RAW DATA:

/---

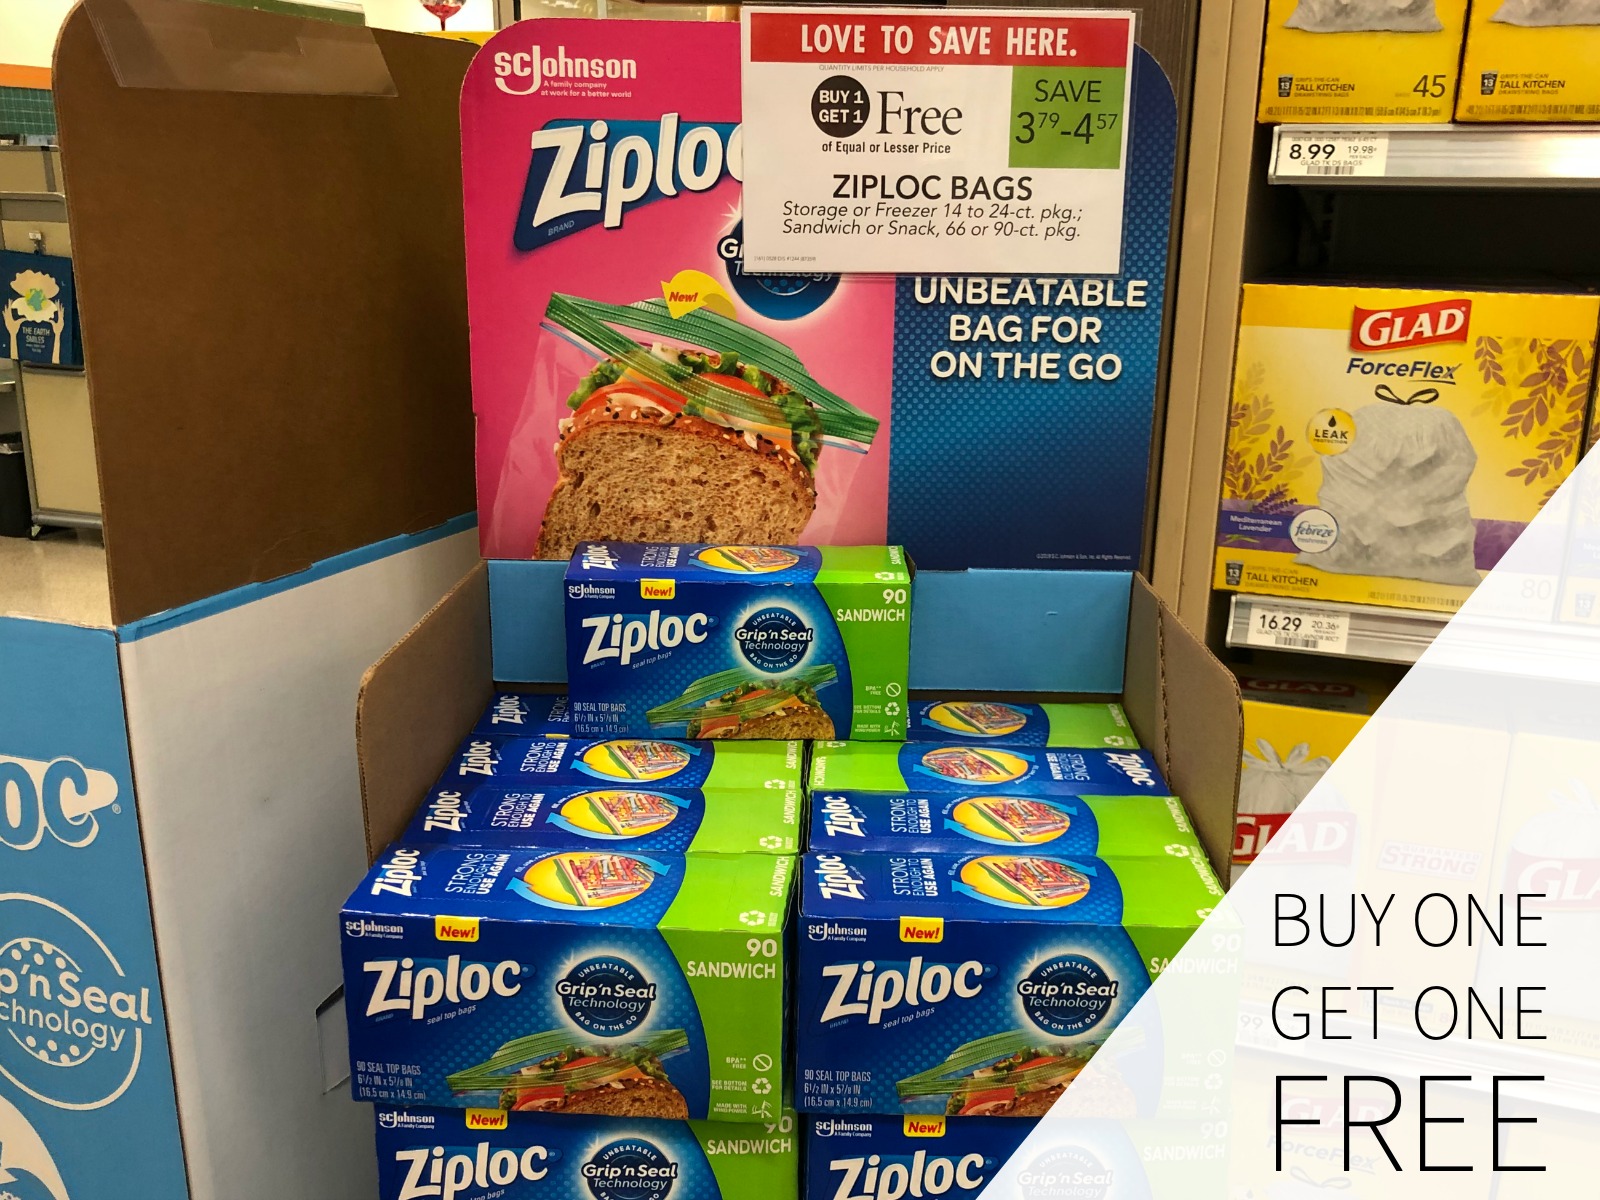 Trust Ziploc® Brand Products For Your Summer Fun - Save Now At Publix on I Heart Publix 2
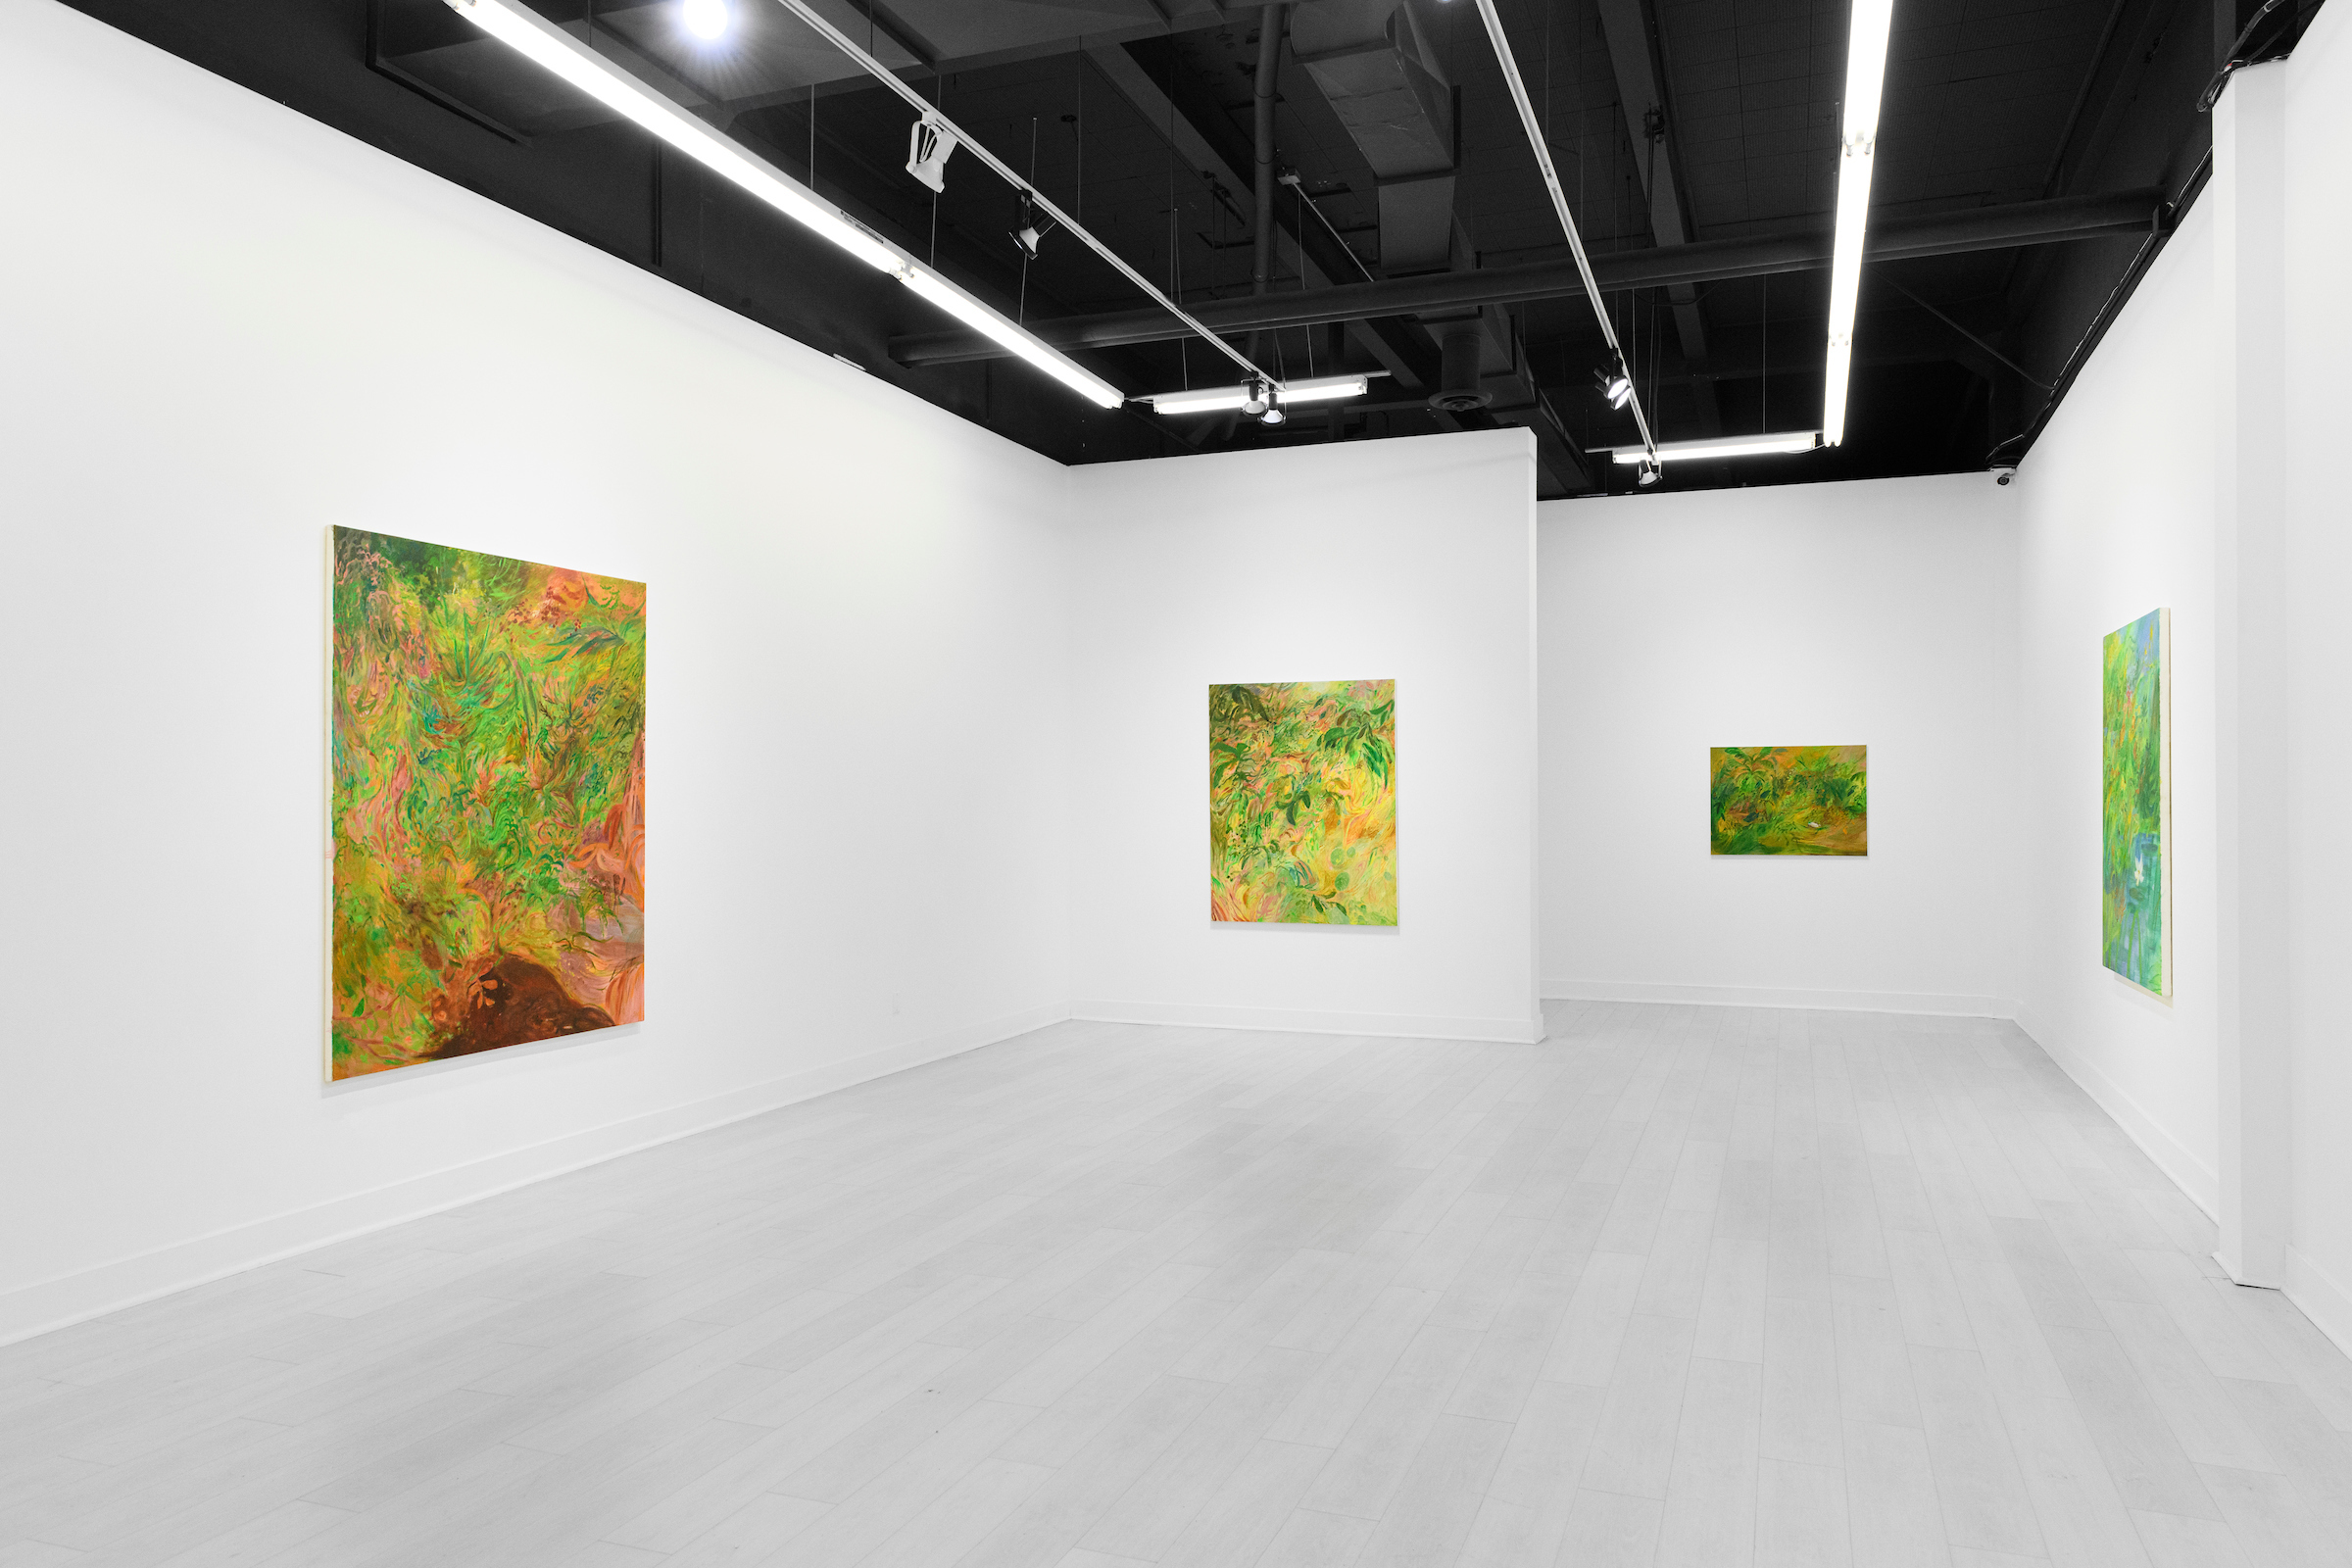 Image: Installation View, Searching for Stars, 2022, pt.2 Gallery, Oakland, CA. White-walled gallery space with three of Netrabile's abstracted nature scenes on the wall. Courtesy of Soumya Netrabile and pt.2 Gallery.
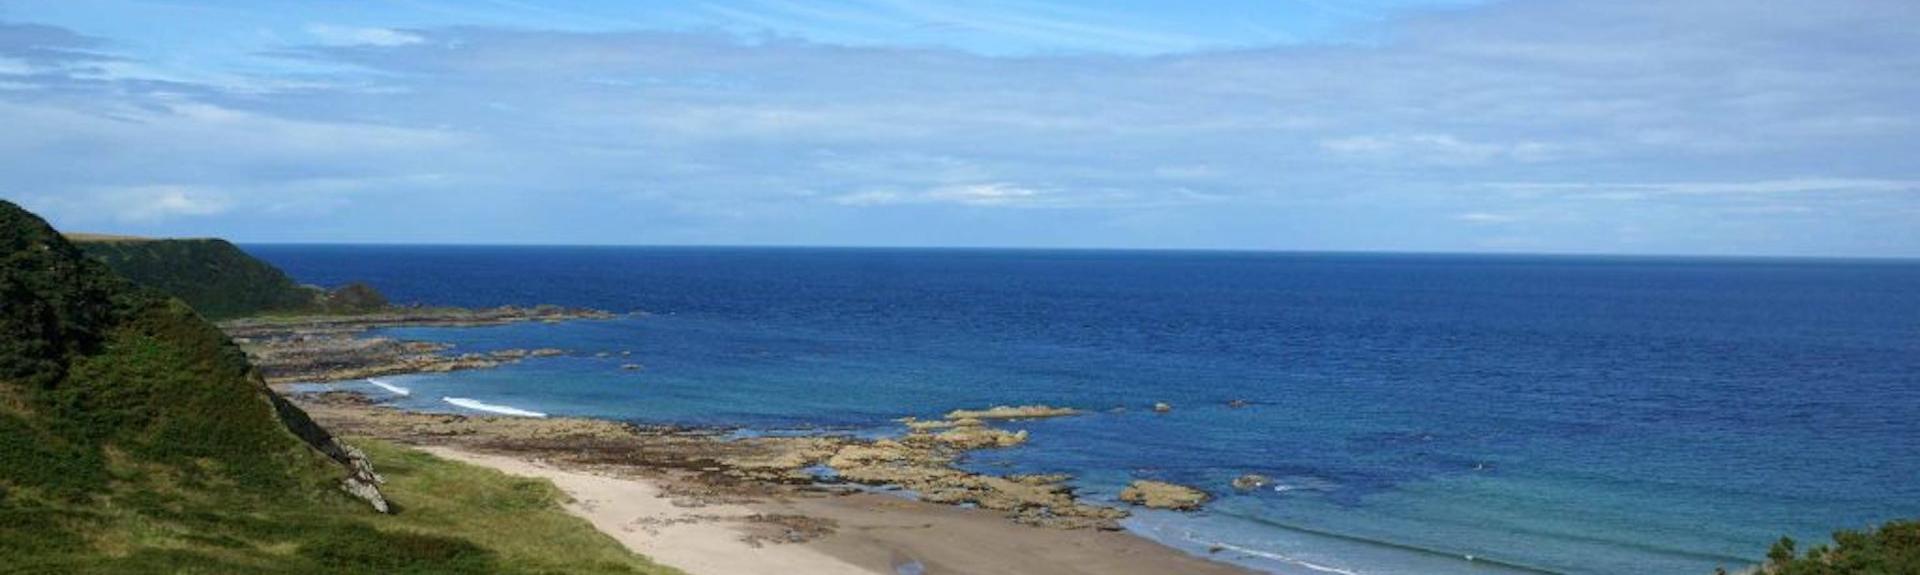 View of low grassy hills sloping down to a small beach in Banff, Aberdeenshire
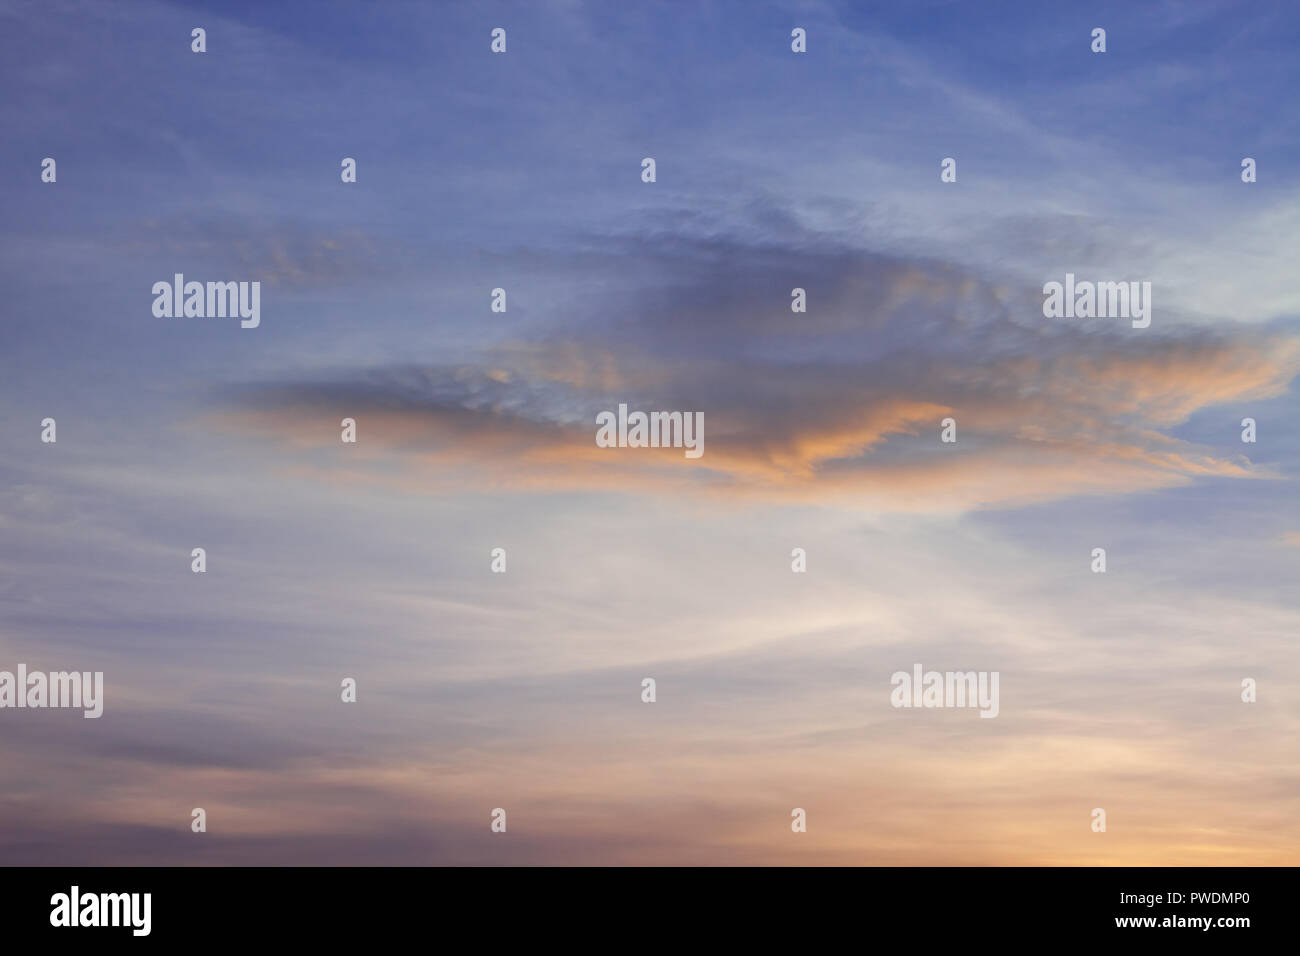 sky background with nice clouds on bright blue sky Stock Photo

\---

YOUR OBJECTIVE: Aside from its pictures, the listing must be given again in full, exactly as it appears.

SOLUTION:
 Trust Ziploc® Brand Products For Your Summer Fun - Save Now At Publix on I Heart Publix 2
 Image: Installation View, Searching for Stars, 2022, pt.2 Gallery, Oakland, CA. White-walled gallery space with three of Netrabile's abstracted nature scenes on the wall. Courtesy of Soumya Netrabile and pt.2 Gallery.
 View of low grassy hills sloping down to a small beach in Banff, Aberdeenshire
 sky background with nice clouds on bright blue sky Stock Photo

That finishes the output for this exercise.